The advantage of using `Transformers` lies in the straight-forward model-agnostic API. Loading a pre-trained model, along with its tokenizer can be done in a few lines of code. Here is an example of loading the BERT TensorFlow models as well as their tokenizers.

# Fine-tuning a pretrained model

We are gping to use the IMDB dataset: the task is to classify whether movie reviews are positive or negative. For more infromation you can check Datasets [documentation](https://huggingface.co/docs/datasets/).

In [None]:
!pip install datasets transformers tensorflow -q

In [None]:
from datasets import load_dataset

# download and cache the dataset:
raw_datasets = load_dataset("imdb")

raw_datasets

In [None]:
from pprint import pprint

To preprocess our data, we will need a tokenizer. If you plan on using a pretrained model, it’s important to use the associated pretrained tokenizer: it will split the text you give it in tokens the same way for the pretraining corpus, and it will use the same correspondence token to index (that we usually call a vocab) as during pretraining.

In [None]:
from transformers import AutoTokenizer

#  automatically download the vocab used during pretraining or fine-tuning a given model
tokenizer = AutoTokenizer.from_pretrained("bert-base-cased")

In [None]:
# example
encoded_input = tokenizer("I love machine learning!")
print(encoded_input)

This returns a dictionary string to list of ints. The input_ids are the indices corresponding to each token in our sentence.
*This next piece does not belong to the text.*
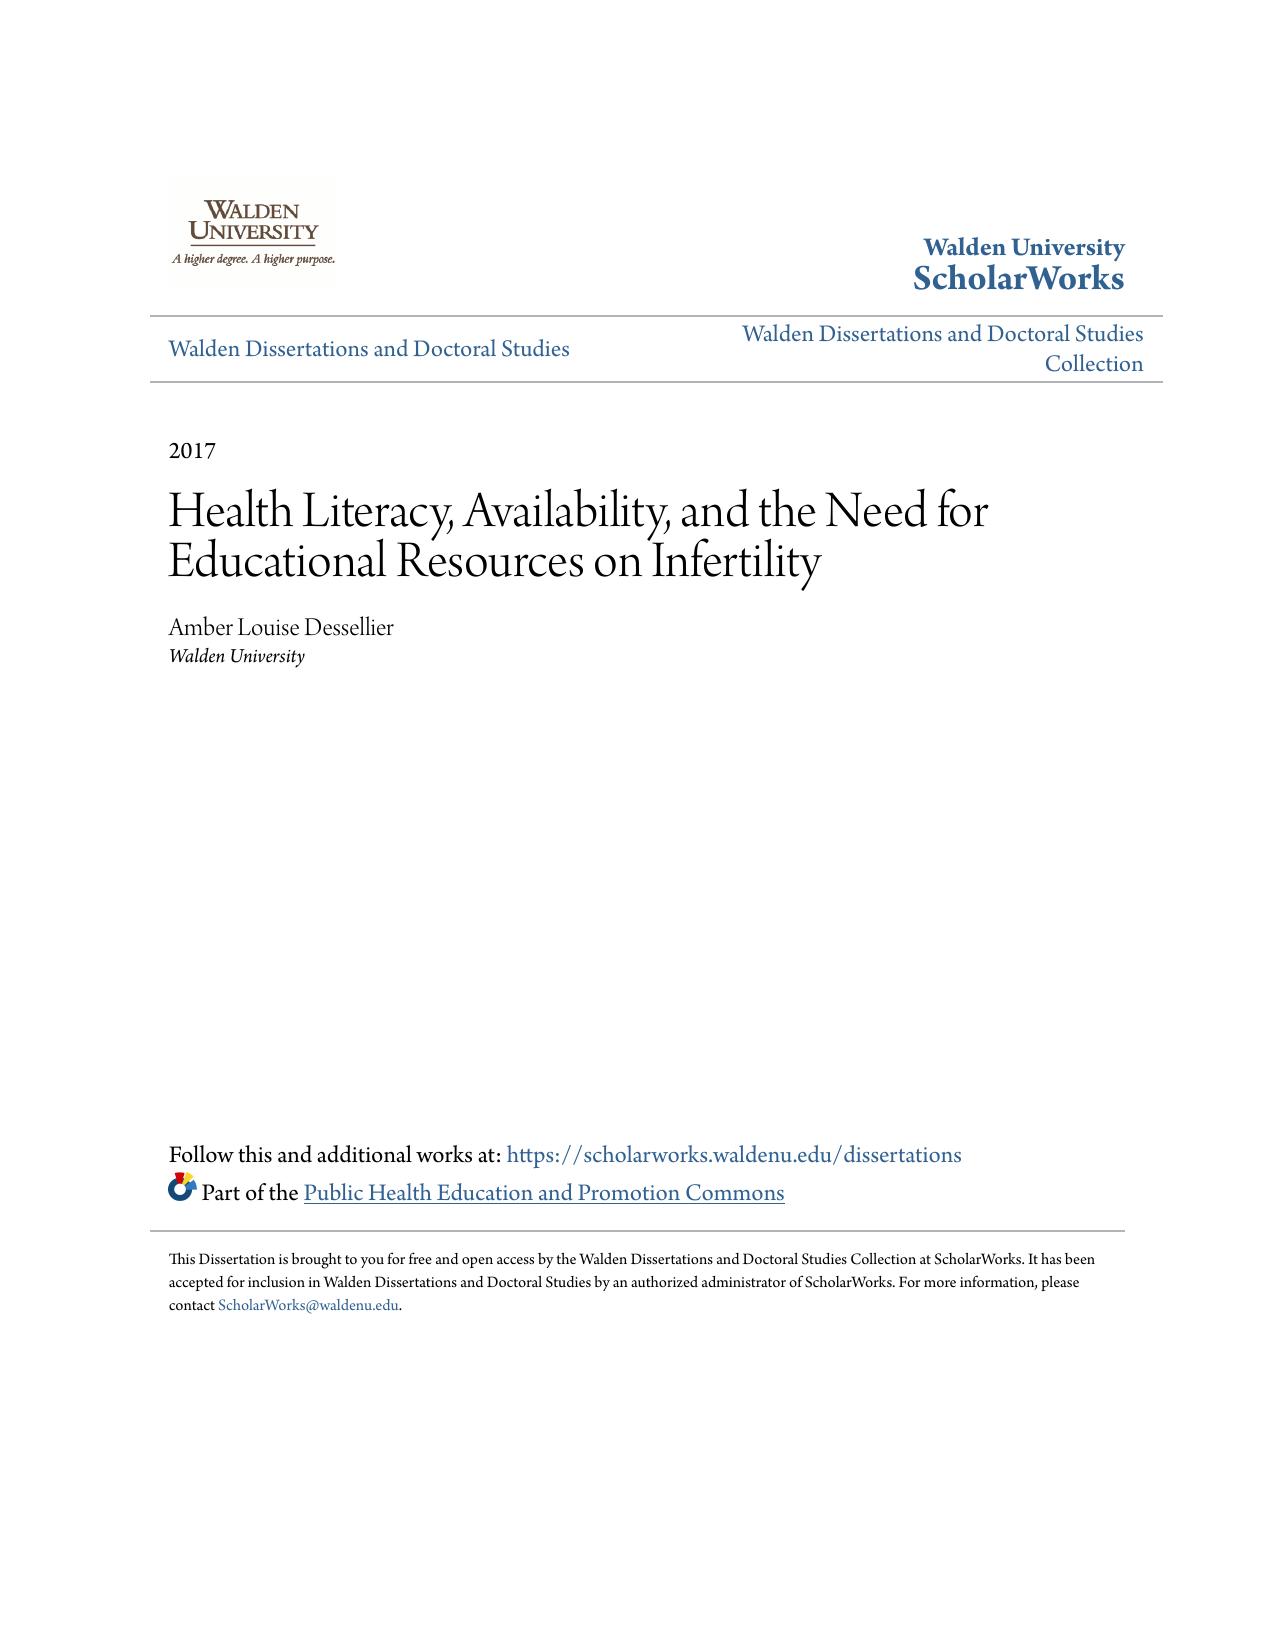 Health Literacy, Availability, and the Need for Educational Resources on Infertility

We will see below what the attention_mask is used for and in the next section the goal of token_type_ids.

In [None]:
tokenizer.decode(encoded_input["input_ids"])

As you can see, the tokenizer automatically added some special tokens that the model expects. Now let's tokenize our data:

In [None]:
def tokenize_function(examples):
    return tokenizer(examples["text"], padding="max_length", truncation=True)

# This will make all the samples have the maximum length the model can accept (here 512),
# either by padding or truncating them. Note that we are applying the preprocessing step to
# all splots of the raw dataset
tokenized_datasets = raw_datasets.map(tokenize_function, batched=True)

In [None]:
small_train_dataset = tokenized_datasets["train"].shuffle(seed=42).select(range(1000))
small_eval_dataset = tokenized_datasets["test"].shuffle(seed=42).select(range(1000))
# full_train_dataset = tokenized_datasets["train"]
# full_eval_dataset = tokenized_datasets["test"]

In [None]:
import tensorflow as tf
from transformers import TFAutoModelForSequenceClassification

model = TFAutoModelForSequenceClassification.from_pretrained("bert-base-cased", num_labels=2)

In [None]:
model.summary()

Since we are going to train our model natively in TensorFlow, we need to convert our datasets to standard `td.data.Dataset`.

In [None]:
tf_train_dataset = small_train_dataset.remove_columns(["text"]).with_format("tensorflow")
tf_eval_dataset = small_eval_dataset.remove_columns(["text"]).with_format("tensorflow")

In [None]:
train_features = {x: tf_train_dataset[x] for x in tokenizer.model_input_names}
train_tf_dataset = tf.data.Dataset.from_tensor_slices((train_features, tf_train_dataset["label"]))
train_tf_dataset = train_tf_dataset.shuffle(len(tf_train_dataset)).batch(8)

eval_features = {x: tf_eval_dataset[x] for x in tokenizer.model_input_names}
eval_tf_dataset = tf.data.Dataset.from_tensor_slices((eval_features, tf_eval_dataset["label"]))
eval_tf_dataset = eval_tf_dataset.batch(8)

In [None]:
train_features

In [None]:
model.compile(
    optimizer=tf.keras.optimizers.Adam(learning_rate=5e-5),
    loss=tf.keras.losses.SparseCategoricalCrossentropy(from_logits=True),
    metrics=tf.metrics.SparseCategoricalAccuracy(),
)

model.fit(train_tf_dataset, validation_data=eval_tf_dataset, epochs=3)

In [None]:
# save the fine-tuned model for future use
model.save_pretrained("./my_imdb_model")

There are many more examples for different tasks such as text classification, question answering, etc [here](https://github.com/huggingface/transformers/tree/master/examples/tensorflow)

## optional - HugginFace approach

compute_metrics function takes predictions and labels and computes and returns a dictionary with string items (the metric names) and float values (the metric values).

The 🤗 Datasets library provides an easy way to get the common metrics used in NLP with the load_metric function. here we simply use accuracy. Then we define the compute_metrics function that just convert logits to predictions (remember that all 🤗 Transformers models return the logits) and feed them to compute method of this metric.

In [None]:
import numpy as np
from datasets import load_metric

metric = load_metric("accuracy")

def compute_metrics(eval_pred):
    logits, labels = eval_pred
    predictions = np.argmax(logits, axis=-1)
    return metric.compute(predictions=predictions, references=labels)

To define our Trainer, we will need to instantiate a TrainingArguments. This class contains all the hyperparameters we can tune for the Trainer or the flags to activate the different training options it supports. Let’s begin by using all the default arguments

In [None]:
!pip install pip install transformers[torch]

In [None]:
from transformers import TrainingArguments

training_args = TrainingArguments("test_trainer", evaluation_strategy="epoch")

In [None]:
from transformers import Trainer

# instantiate a Trainer
trainer = Trainer(
    model=model,
    args=training_args, 
    train_dataset=small_train_dataset,
    eval_dataset=small_eval_dataset,
    compute_metrics=compute_metrics

)

To fine-tune our model, we just need to call



In [None]:
trainer.train()